** What this task involves **
From the line containing "High Angle View" down to the line containing "A picture with", copy out the entries below exactly, both lines included, and nothing else; pictures do not belong in the copy.

══ Supplied material ══

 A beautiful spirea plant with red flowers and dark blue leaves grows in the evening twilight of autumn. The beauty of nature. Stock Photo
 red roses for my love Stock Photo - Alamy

═══
══ Supplied material ══

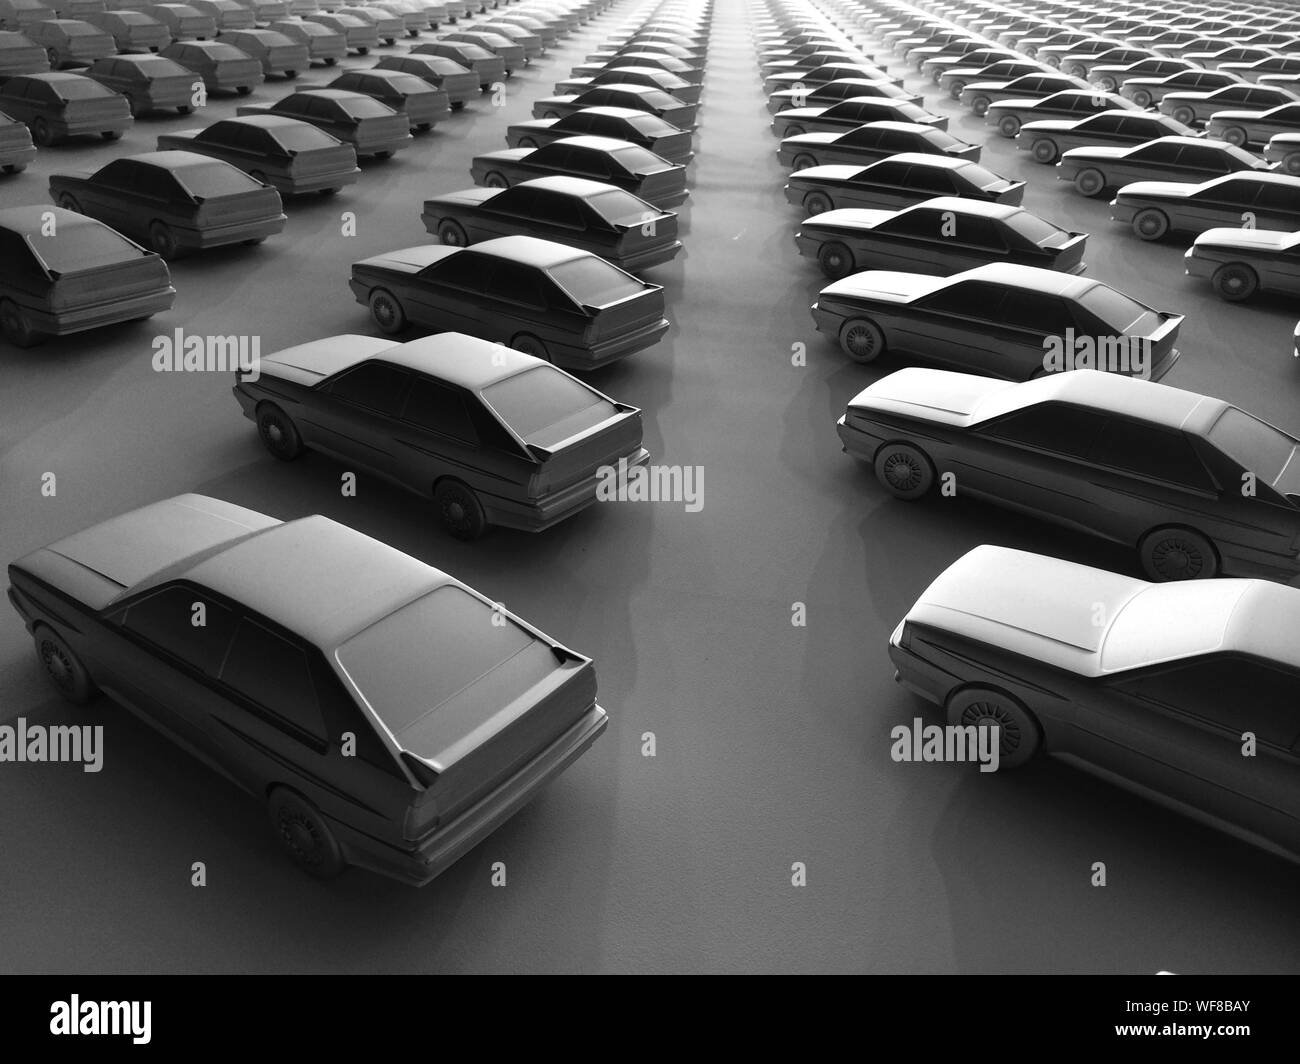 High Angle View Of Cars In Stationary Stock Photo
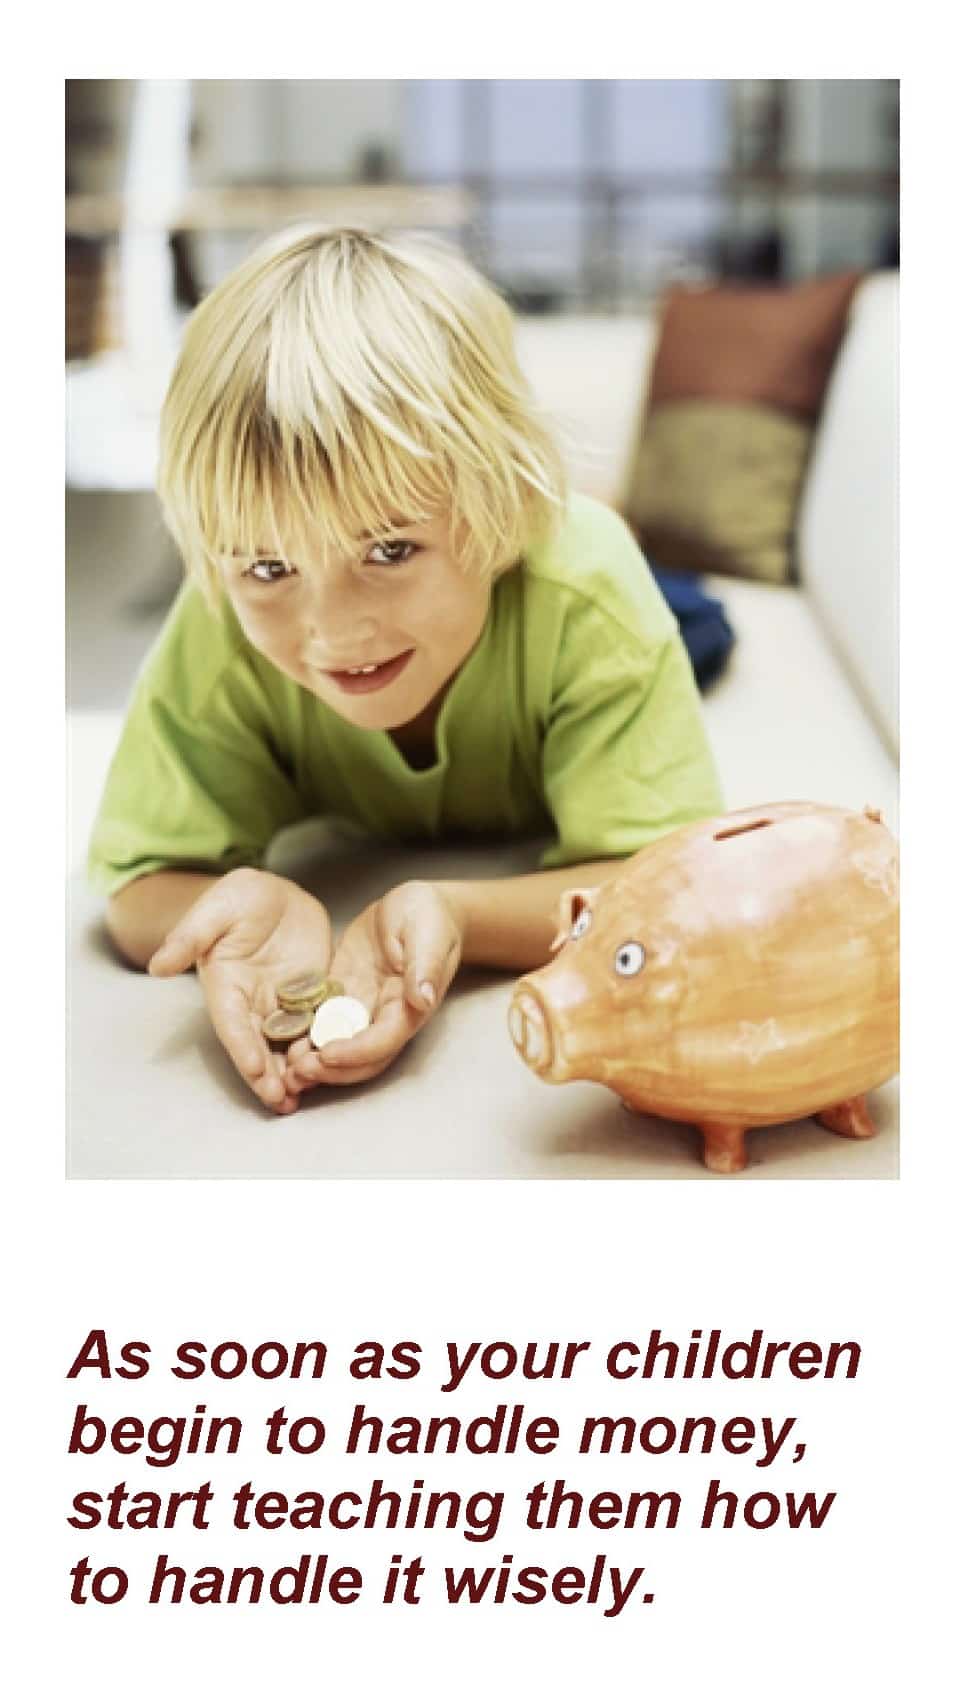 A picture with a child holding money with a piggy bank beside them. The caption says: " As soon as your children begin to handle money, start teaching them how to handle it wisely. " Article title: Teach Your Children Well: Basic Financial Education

═══

** Task result **
 High Angle View Of Cars In Stationary Stock Photo
 A picture with a child holding money with a piggy bank beside them. The caption says: " As soon as your children begin to handle money, start teaching them how to handle it wisely. " Article title: Teach Your Children Well: Basic Financial Education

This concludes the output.